◆ **PROBLEM DETAILS**: Would you give the listing back word for word once its pictures are removed?

◆ **PROVIDED MATERIAL**:

>>>

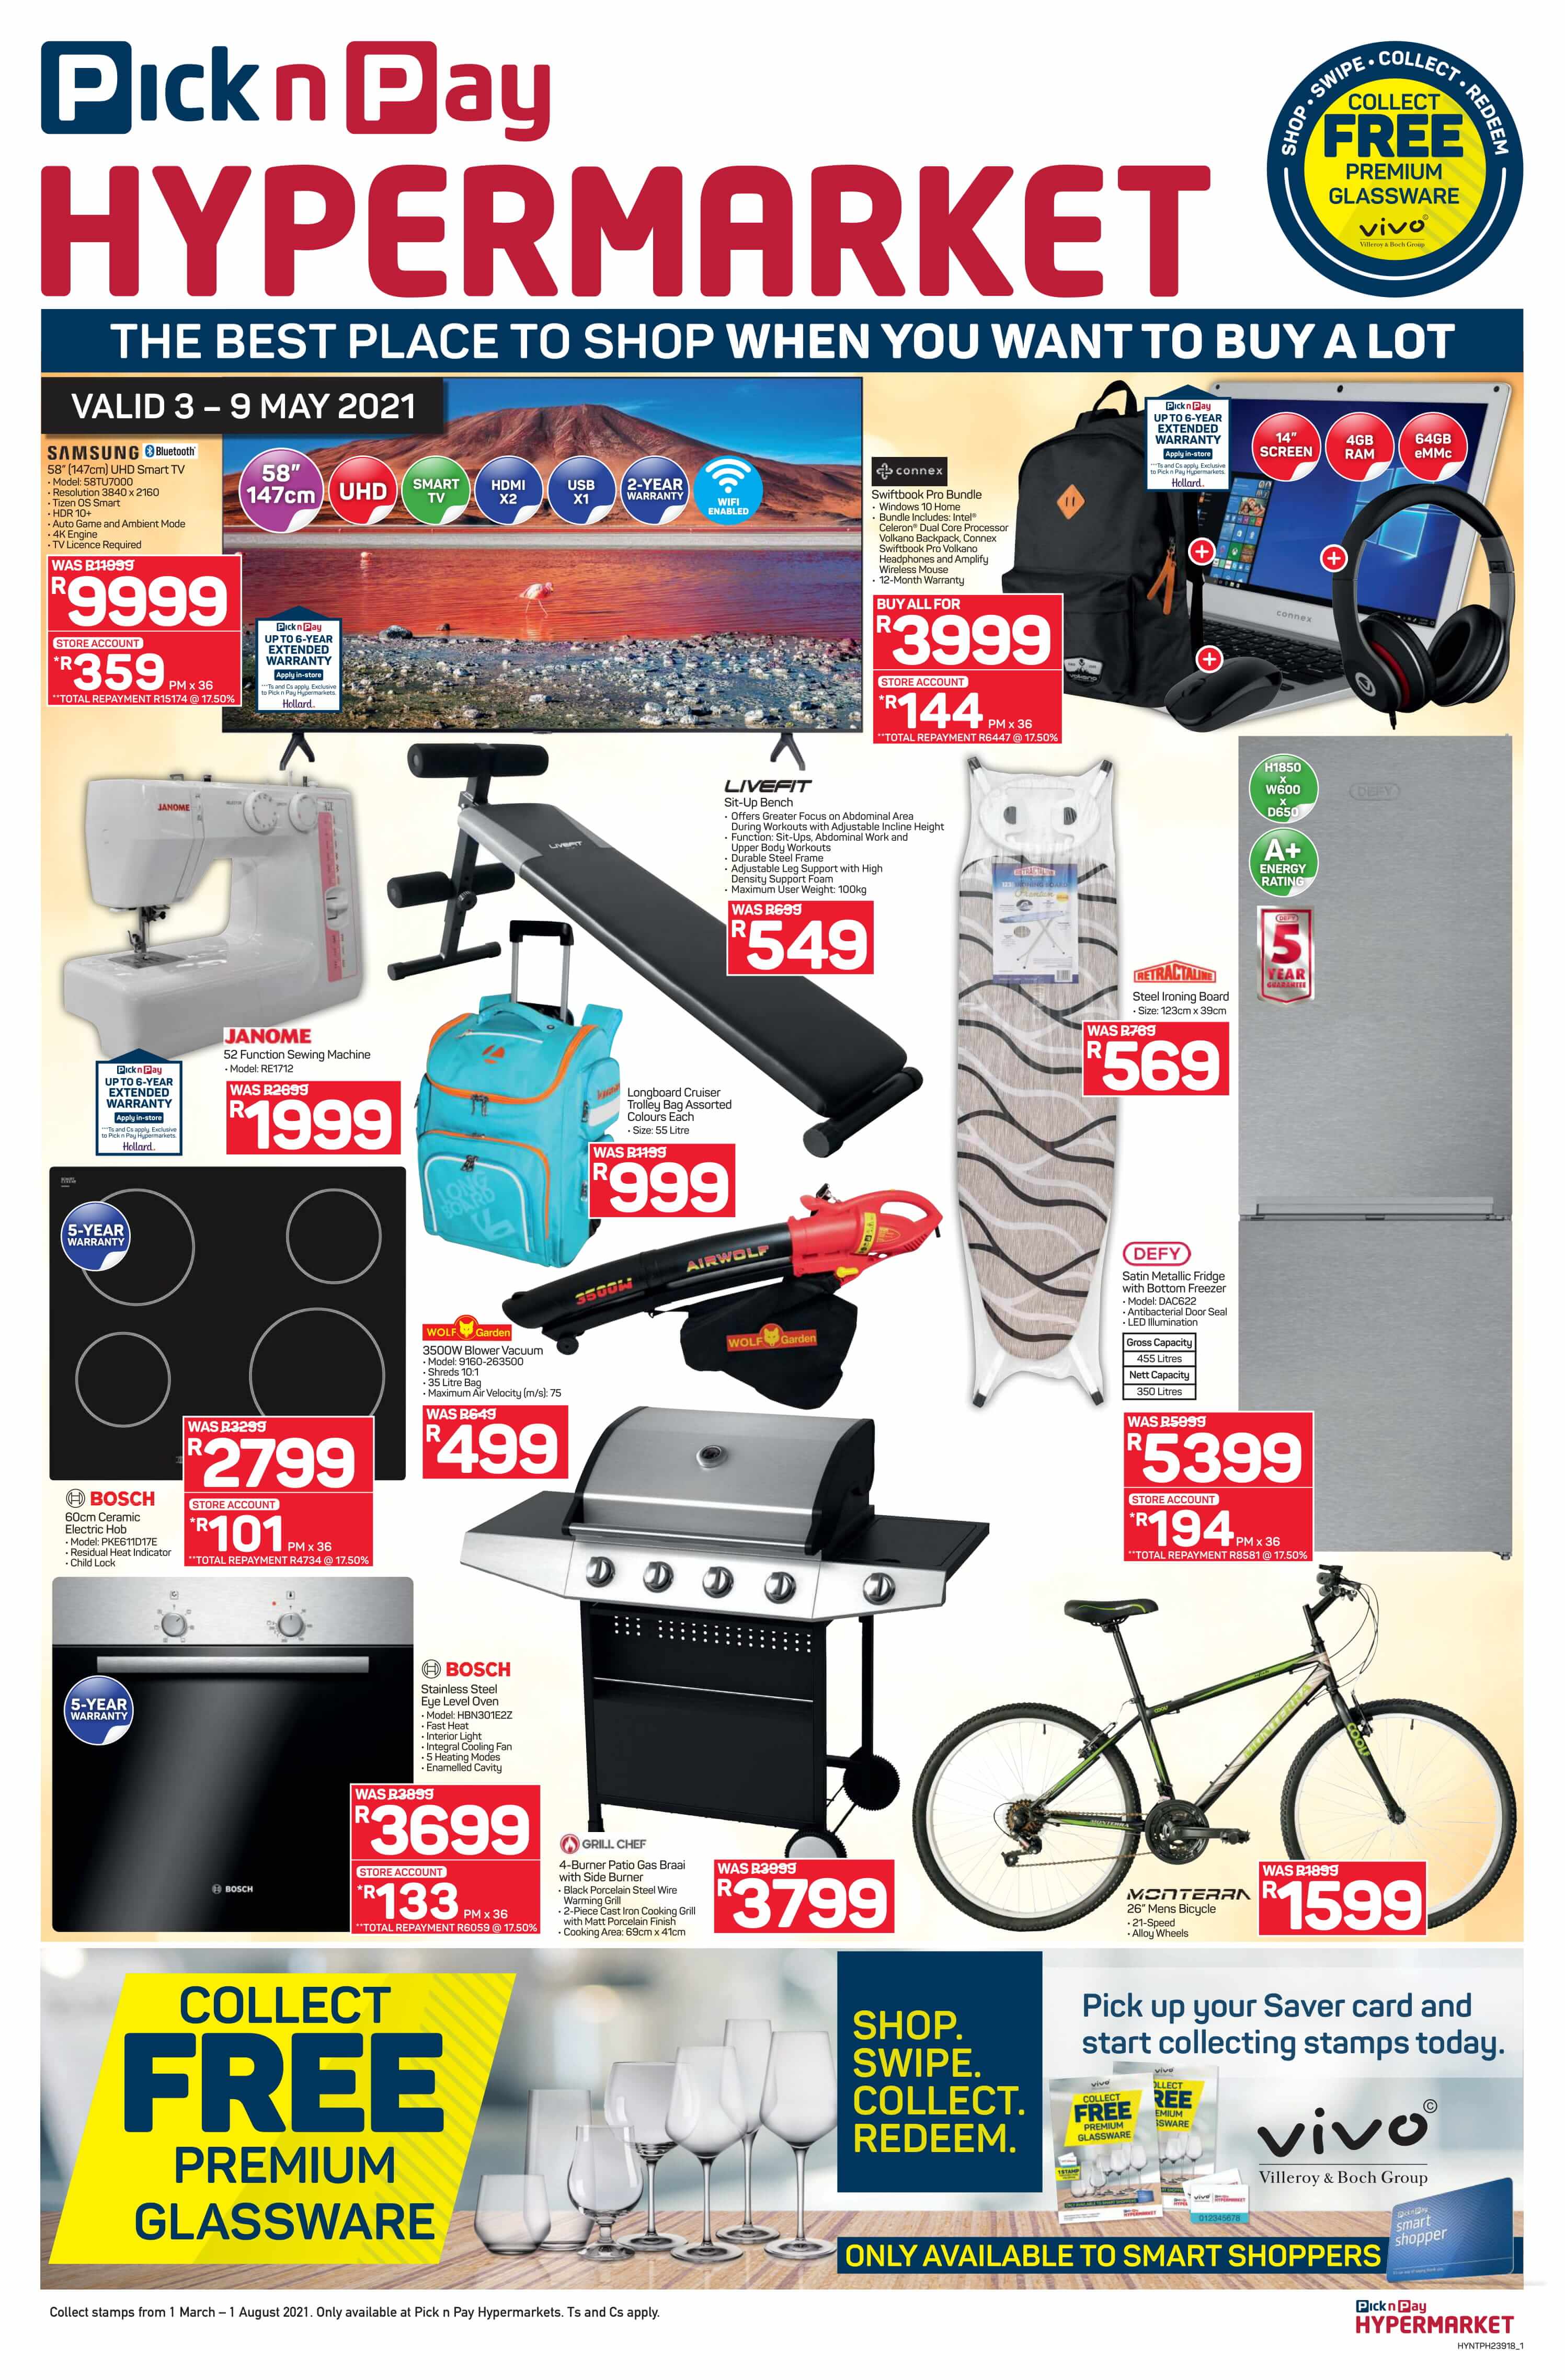 Pick n Pay Specials Hypermarket 3 – 9 May 2021
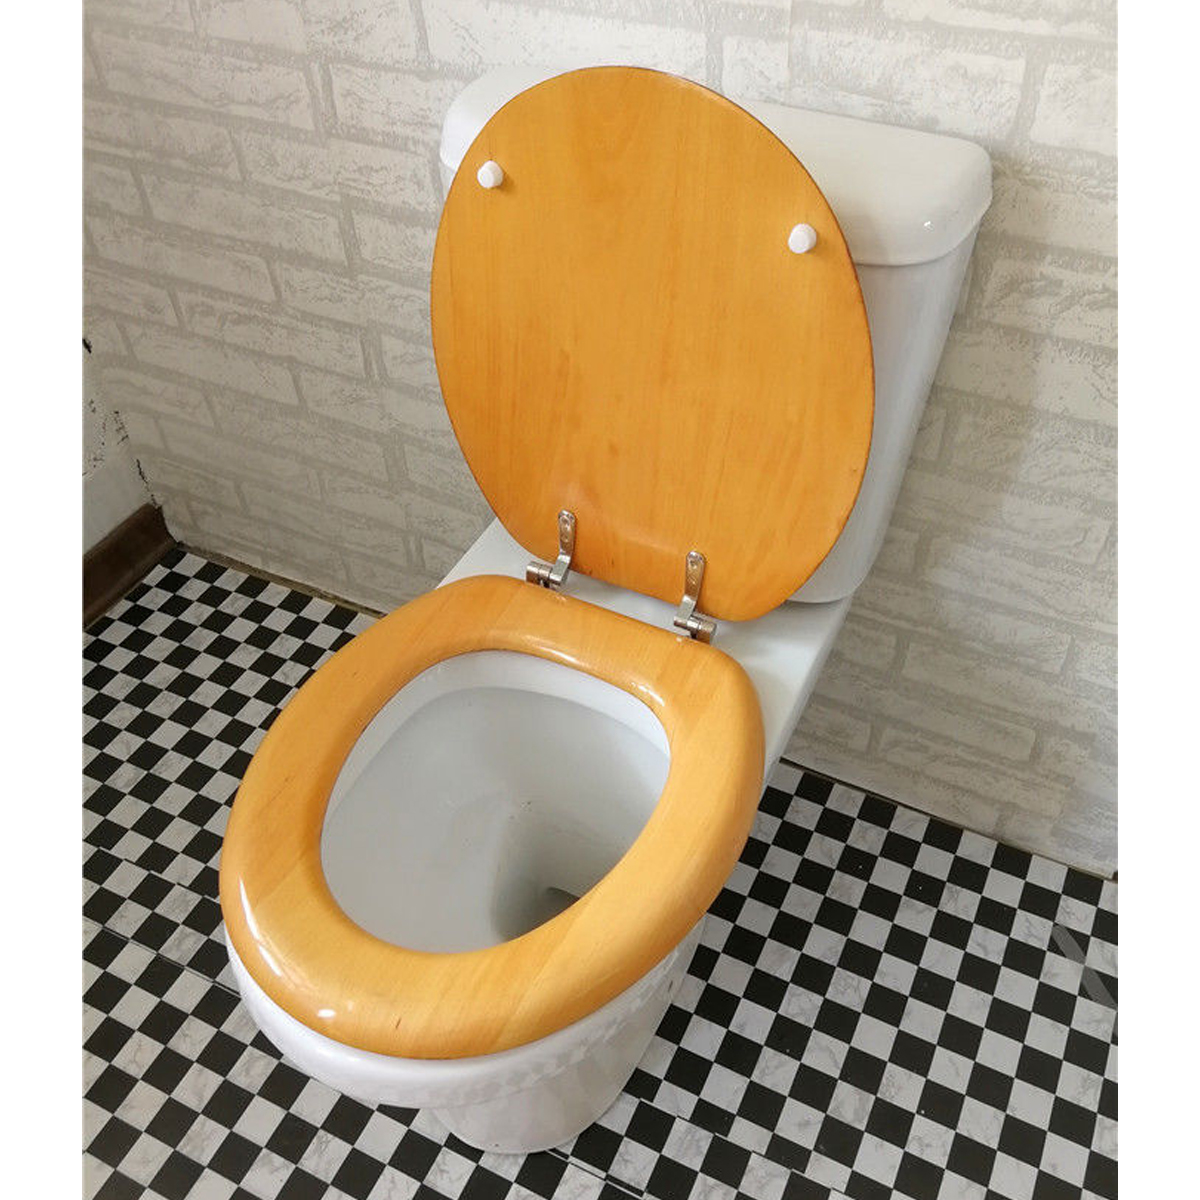 Toilet-Seat-Covers-Round-Wood-Durable-Lift-off-Closed-Front-Elongated-Comfort-1504290
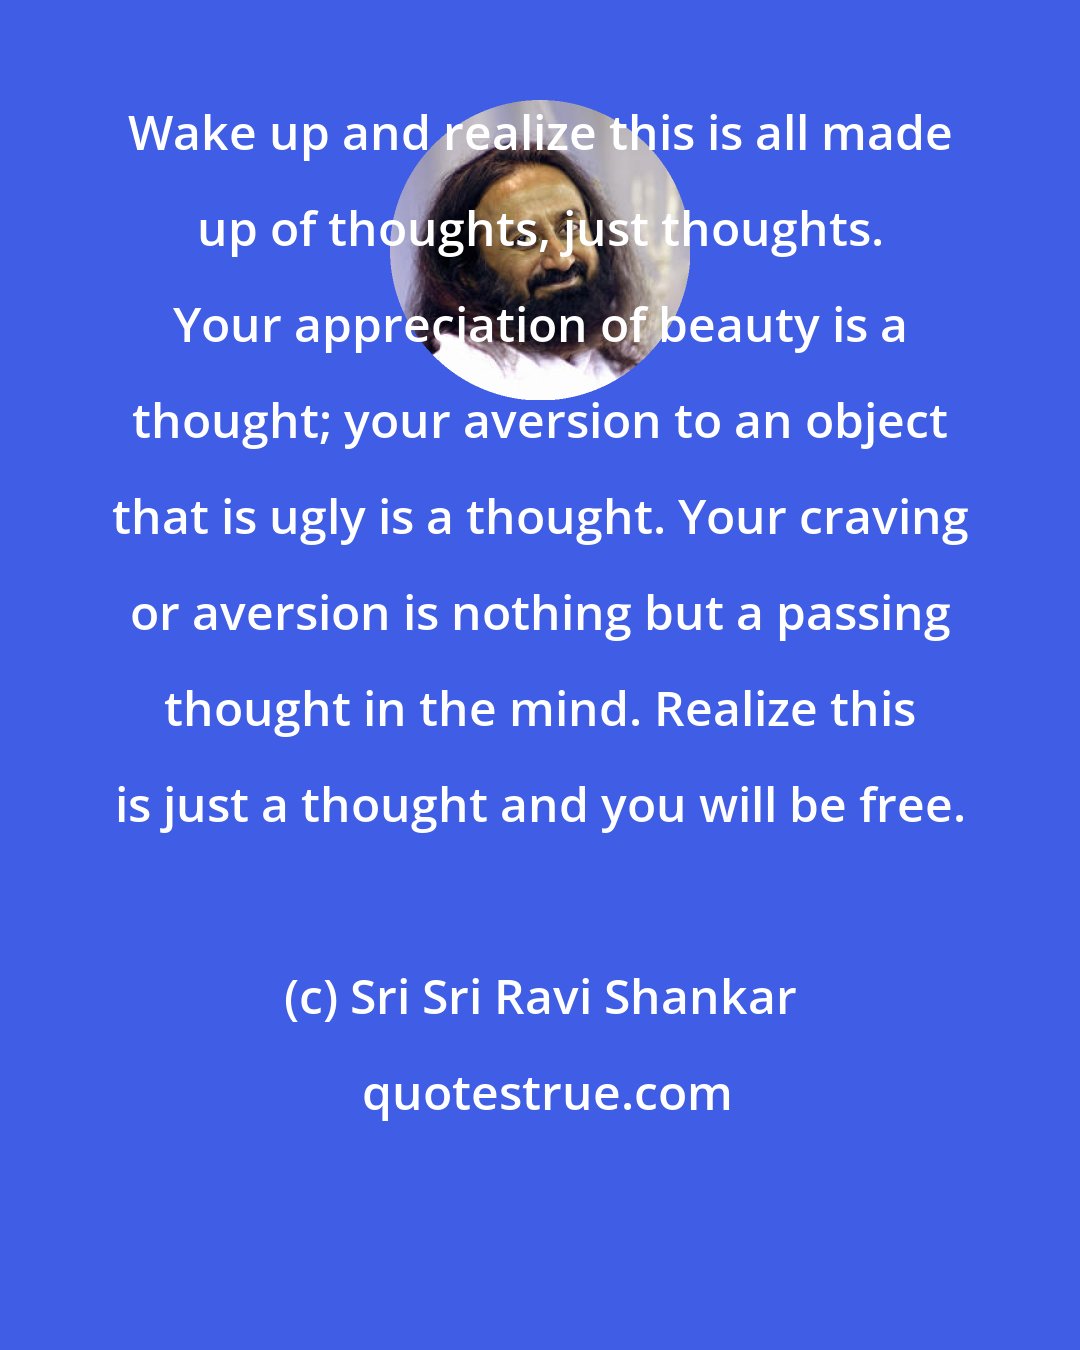 Sri Sri Ravi Shankar: Wake up and realize this is all made up of thoughts, just thoughts. Your appreciation of beauty is a thought; your aversion to an object that is ugly is a thought. Your craving or aversion is nothing but a passing thought in the mind. Realize this is just a thought and you will be free.

<<<

◆ **WRITTEN SOLUTION**:
 Pick n Pay Specials Hypermarket 3 – 9 May 2021
 Toilet-Seat-Covers-Round-Wood-Durable-Lift-off-Closed-Front-Elongated-Comfort-1504290
 Sri Sri Ravi Shankar: Wake up and realize this is all made up of thoughts, just thoughts. Your appreciation of beauty is a thought; your aversion to an object that is ugly is a thought. Your craving or aversion is nothing but a passing thought in the mind. Realize this is just a thought and you will be free.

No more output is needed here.